Indulgent chuckles from around the room. Avery involuntarily rolled her eyes. Somewhere during this rotation, they landed on the man next to her. He was writing with earnest concentration in his notebook. Could he seriously be taking notes on this? Then she remembered that she had done that herself when she was younger. She used to love meetings, love the stories, the depth of identification that could bubble up from nowhere like a hot spring in a desert. She could be listening to someone ostensibly nothing like her who would describe, with almost uncanny precision, her exact feelings and thoughts. That was the magic of the fellowship, when it worked: the realization that the parts of yourself that were the most hidden, most shameful, were what connected you most deeply to others. In AA, you were never an outsider, never alone. For years it had felt like she always had a golden lattice of sober people beneath and around her, ready to catch her if she fell. But she had been falling for a year now, and no one had caught her yet.
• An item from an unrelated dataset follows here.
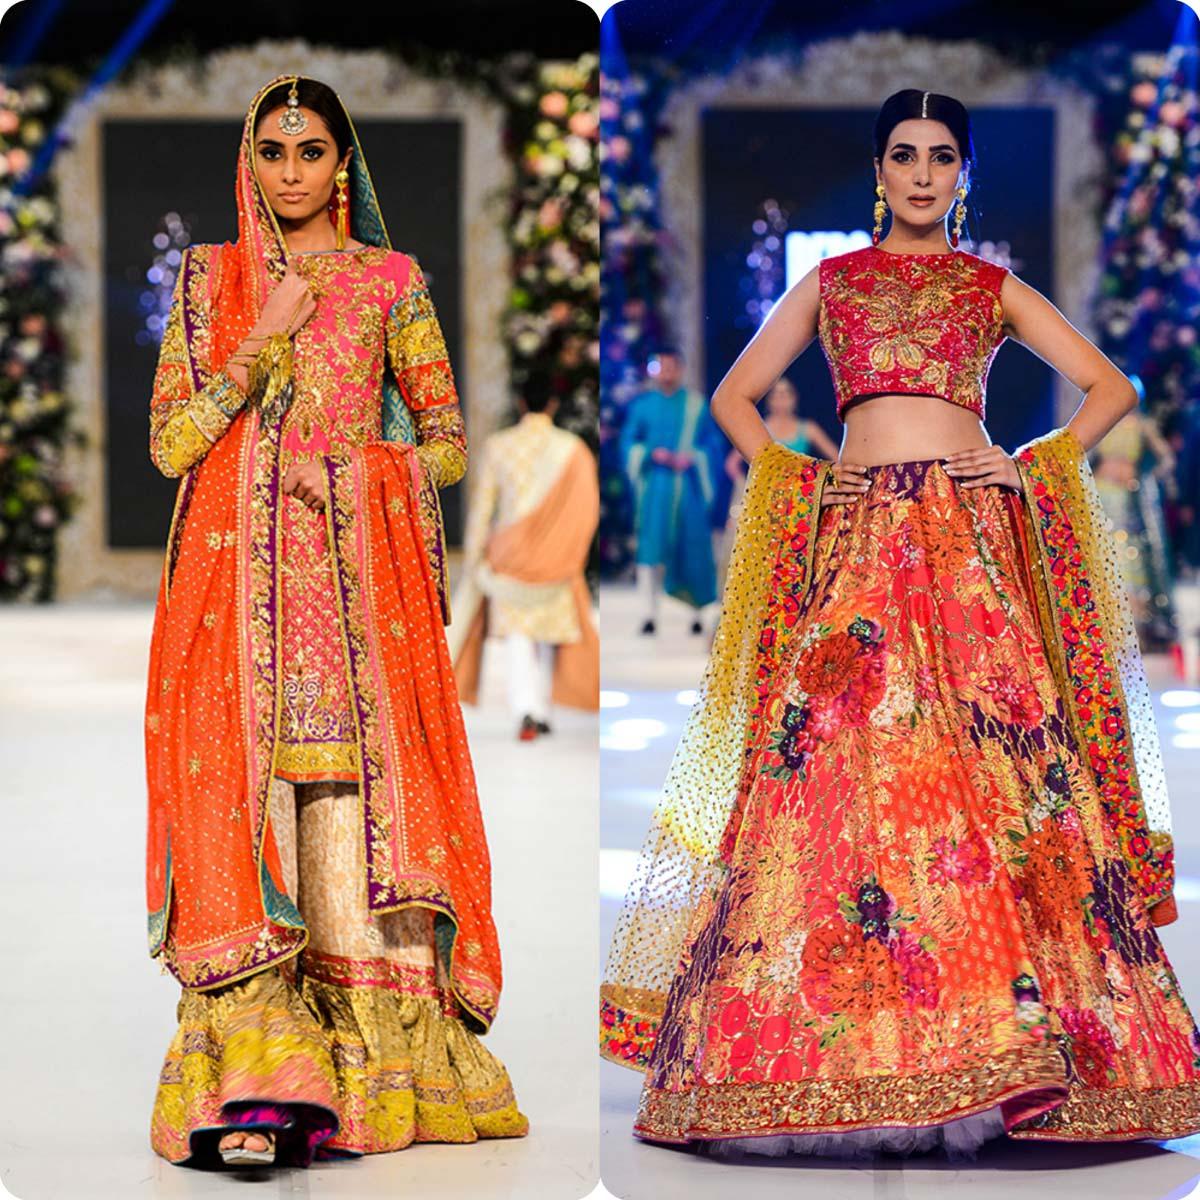 Nomi Ansari Bridal Wear Collection Ft-Junaid Khan & Maya Ali 2016-17 (8)

The truth is, she knew she was the problem. Relating to others was a muscle; a little over a year ago she would have loved this share too. What was it she’d been told the ism in alcoholism stood for? I separate myself. That was her, all right. Separating herself, then wondering why she felt apart. Avery let her eyes scan her neighbor’s page. He appeared to be writing poetry. She smiled to herself. A sober poet, just what the world needed. As she was thinking this, he glanced up. He could have been embarrassed, as she would have been, and closed the page, but he only smiled in collusion. They looked at each other. He was young, Black, and striking, though not exactly handsome. He had an unusual face: a straight, serious mouth and wide eyes the shape of two drawn bows. Avery was struck.
After the meeting, she found him outside smoking. He was alone, standing just a little away from the group that was discussing which Le Pain Quotidien to go to for fellowship. She sidled up alongside him.
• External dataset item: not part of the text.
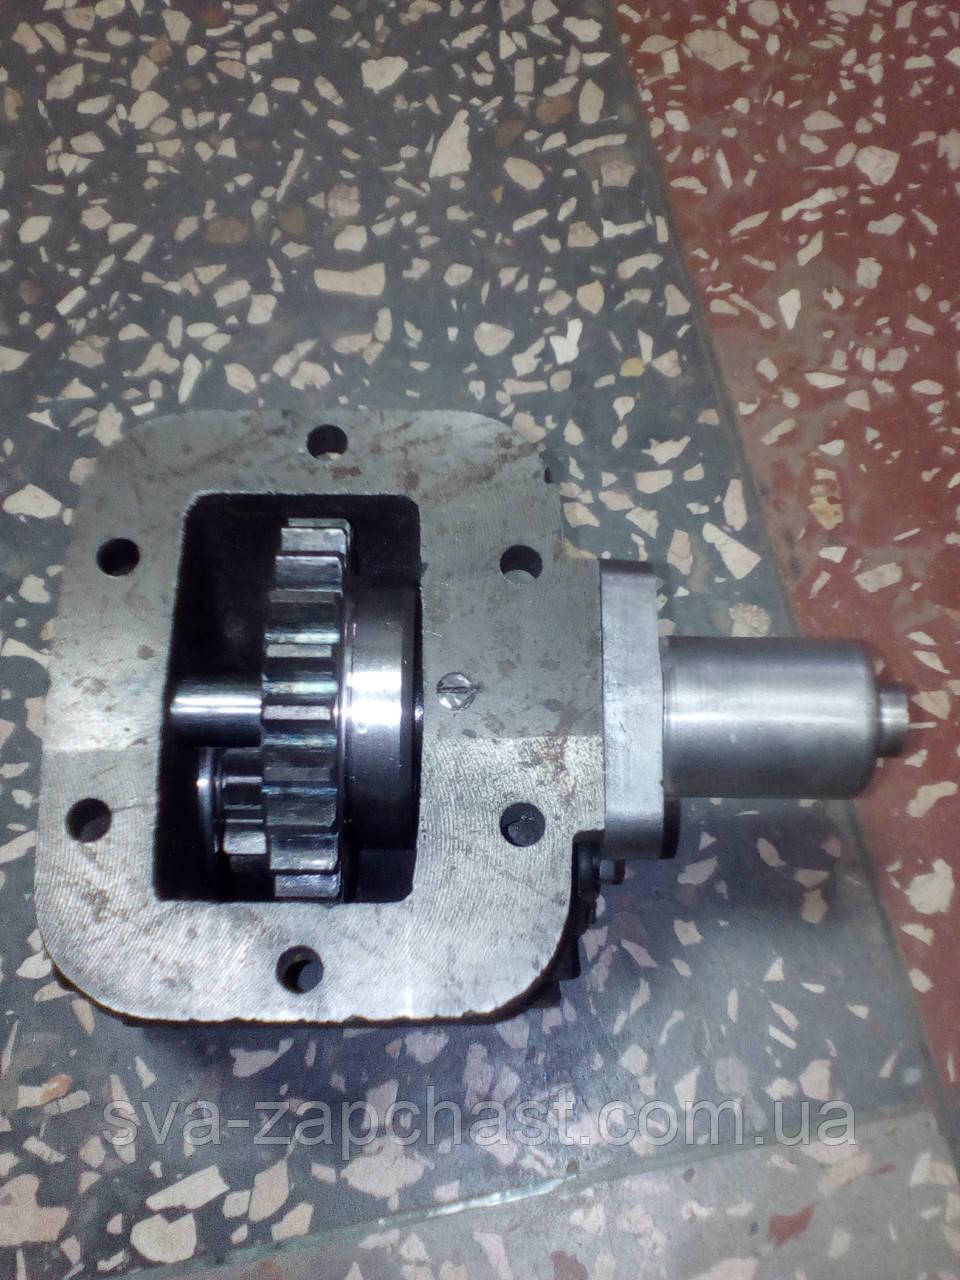 Коробка отбора мощности (КОМ) ГАЗ-3309 пневмопривод - СВА-Запчасть в Мелитополе

“Could I bum one of those?” she asked.
Thank god for smoking, she thought, the universal conversation starter for shy, socially awkward, or self-destructive strangers the world over. He pulled one from his pack and leaned over to light hers with an old silver Zippo.
“I’m Charlie,” he said, as the flame shot up between them.
“Avery,” she said, inhaling. “So, you’re a poet?”
He had an irrepressible smile, as though in a constant and amusing dialogue with himself.
“Guilty,” he said. “And you’re an American.”
She smiled.
“Guilty too,” she said.
A moment of silence drifted down between them like a balloon losing helium.
“I didn’t know real poets still existed,” she said.
“I don’t know how real I am,” he said. “But I exist. Are you a real American?”
“I’m from New York,” she said.
“So no,” he said, and she laughed.
“And you can make a living? As a poet?”